In this case, the court finds that a default judgment is not an appropriate sanction. Based on Dvorak's declaration (Dkt. No. 22), which was submitted in support of Dvorak and Pinnacle's Response, Dvorak twice attempted to contact the court via letter in July 2010 to deny the allegations in the Complaint; his first letter was returned "undeliverable" and his second letter apparently was received by the clerk's office but only his pro se appearance was entered into the docket in this case. (Dvorak Decl. ¶¶ 3-9; Resp. 2.)
Dvorak also states that he contacted McKay's counsel by email on July 21, 2010. (Dvorak Decl. ¶ 10.) The July 21, 2010 email is attached to Dvorak's Declaration. (See id. at Ex. D.) In this email, Dvorak attached the letter he had submitted to the court and also indicated to McKay's counsel his willingness to initiate settlement discussions or mediation. (See Ex. D.)

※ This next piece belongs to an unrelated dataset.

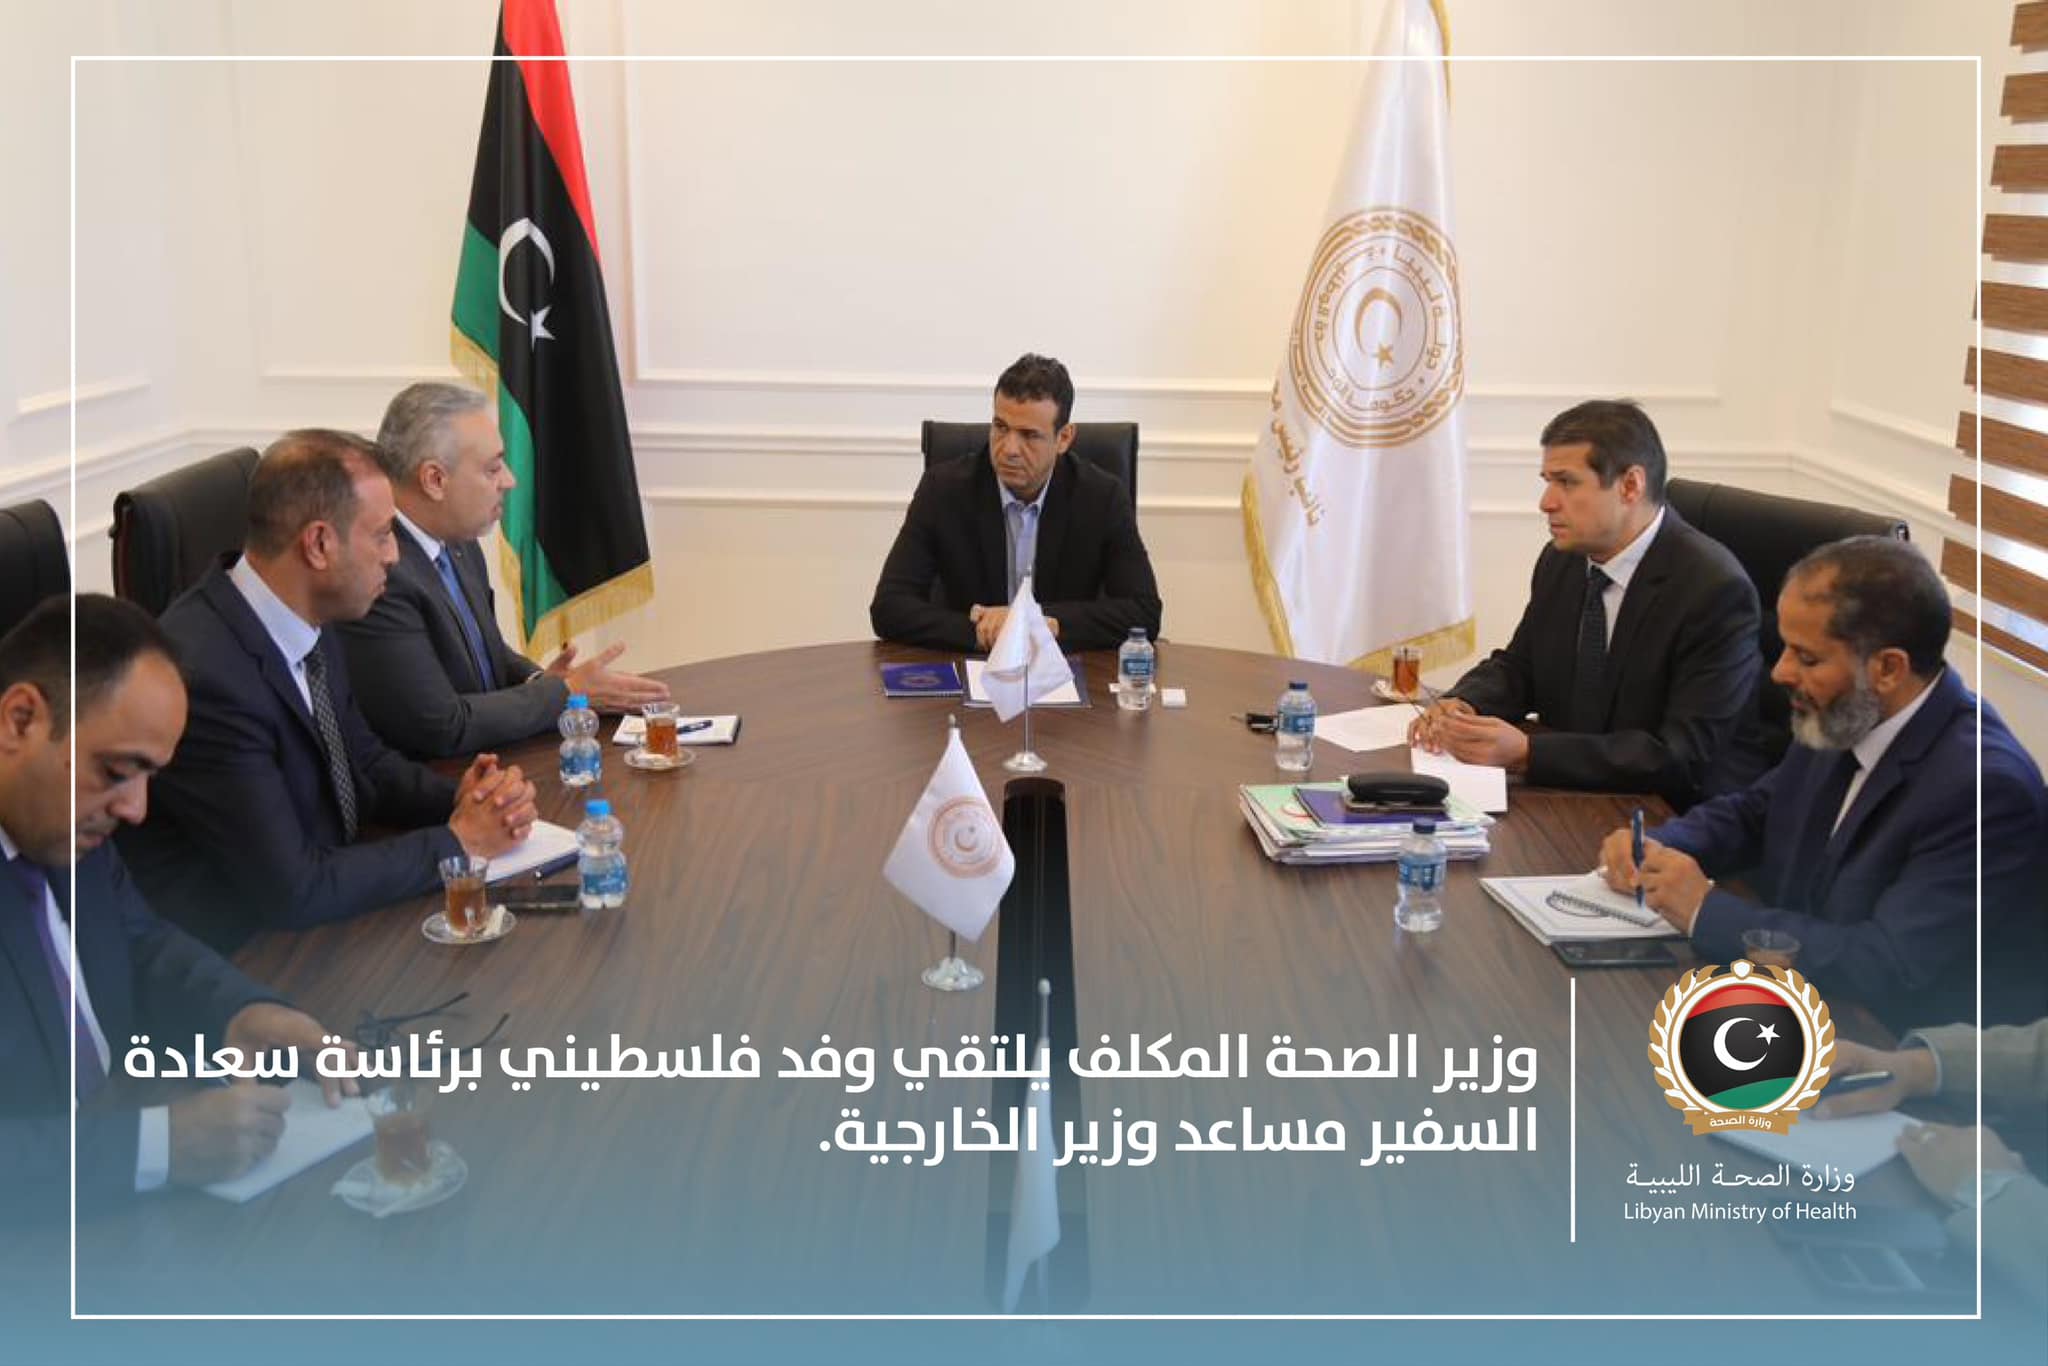 La Libye et la Palestine conviennent de renforcer la coopération entre les deux pays dans divers domaines notamment la santé.

After the filing of Dvorak's pro se appearance on July 20, 2010, there was no activity in this case for over five months until this court sua sponte issued a minute order on January 3, 2011, setting a status hearing for January 25, 2011 (Dkt. No. 12). McKay then proceeded to file a motion for default judgment against Dvorak and Pinnacle on January 24, 2011, which was noticed for presentment to the court on February 1, 2011. (Dkt. No. 13.) The court held the status hearing on January 25, 2011; only McKay's counsel appeared. (Dkt. No. 15.) In the January 25, 2011 minute order, the court set another status hearing for February 1, 2010, and ordered Dvorak to attend. (Id.) Counsel for Dvorak and Pinnacle subsequently filed an appearance on January 31, 2011 (Dkt. No. 16), and also appeared at the February 1, 2011 status hearing to oppose McKay's Motion for Default Judgment.
Based on the above actions of Dvorak and Dvorak and Pinnacle's counsel, the court finds that both Dvorak and Pinnacle intend to defend this litigation. Furthermore, the court does not find that McKay has been prejudiced by Dvorak and Pinnacle's delay. Indeed, McKay took no action in this case for several months and did not move for a default judgment until after this court sua sponte issued its January 3, 2011 minute order setting a status hearing for January 25, 2011. The court, therefore, does not find that the harsh sanction of a default judgment is warranted. McKay's motion for default judgment (Dkt. No. 13) is denied. Status remains set for March 3, 2011, to discuss scheduling. The parties are strongly encouraged to consider settlement.